The overlap of these two populations suggests that connectivity shapes the landscape. The high-hierarchy network supports the regular firing. Within that network, specific inputs drive the high-rate choice neurons.

These results suggest that intrinsic connectivity is the primary organizing principle of the prefrontal cortex. The physical appearance of the tissue is a poor predictor of function. “Our findings challenge the traditional way of defining brain regions and have major implications for understanding brain organisation overall,” says Marie Carlén.

The study does have limitations. It relied on data from mice. While mouse and human brains share many features, the human prefrontal cortex is far more complex. Additionally, the recordings focused primarily on the deep layers of the cortex. These layers are responsible for sending output signals to other parts of the brain.

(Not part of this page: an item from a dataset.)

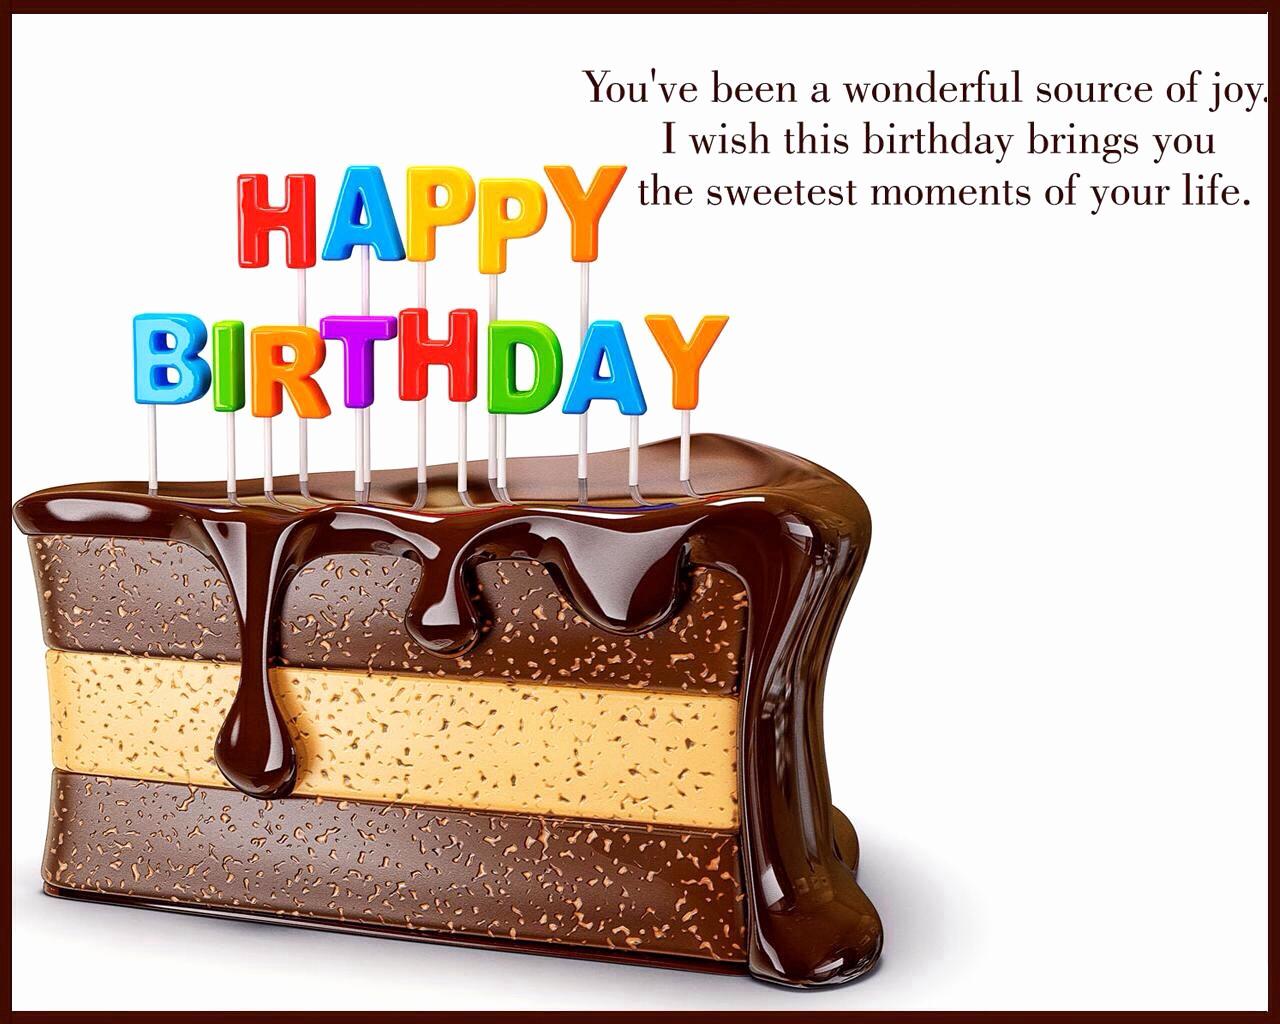 Free Happy Birthday Picture Awesome Открытка с Днем Рождения мужчине на английском языке
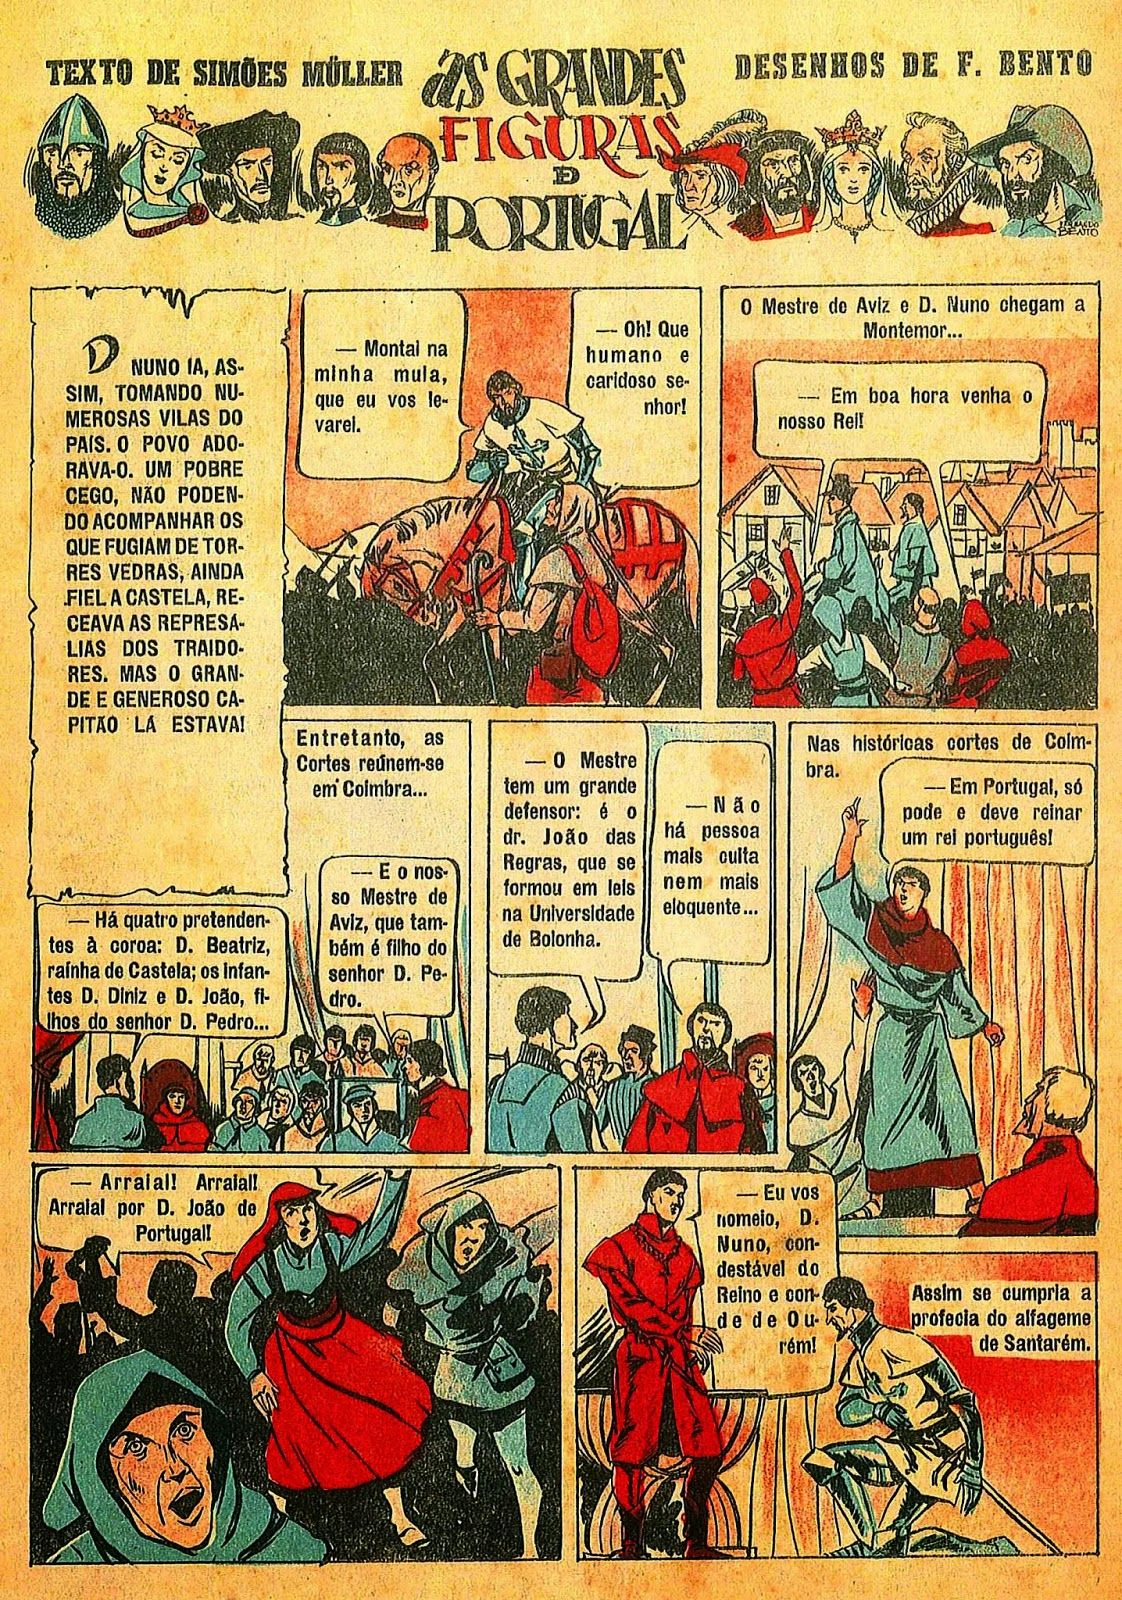 BDBD - Blogue De Banda Desenhada: BD E HISTÓRIA DE PORTUGAL (6) - NUNO ÁLVARES…

The activity in the surface layers, which receive input, might show different patterns. The study also looked at a limited set of behaviors. Future research will need to explore whether these maps hold true across different types of cognitive tasks.

Scientists must also validate these metrics in other species. If the pattern holds, it could provide a new roadmap for understanding brain disorders. Many psychiatric conditions involve dysfunction in the prefrontal cortex. Understanding the “normal” activity signature—slow and regular—could help identify what goes wrong in disease.

This data-driven approach offers a scalable framework. It moves neuroscience away from subjective visual descriptions toward objective mathematical categorization. It suggests that to understand the brain, we must look at the invisible traffic of electricity rather than just the visible roads of tissue.

The study, “A prefrontal cortex map based on single-neuron activity,” was authored by Pierre Le Merre, Katharina Heining, Marina Slashcheva, Felix Jung, Eleni Moysiadou, Nicolas Guyon, Ram Yahya, Hyunsoo Park, Fredrik Wernstal & Marie Carlén.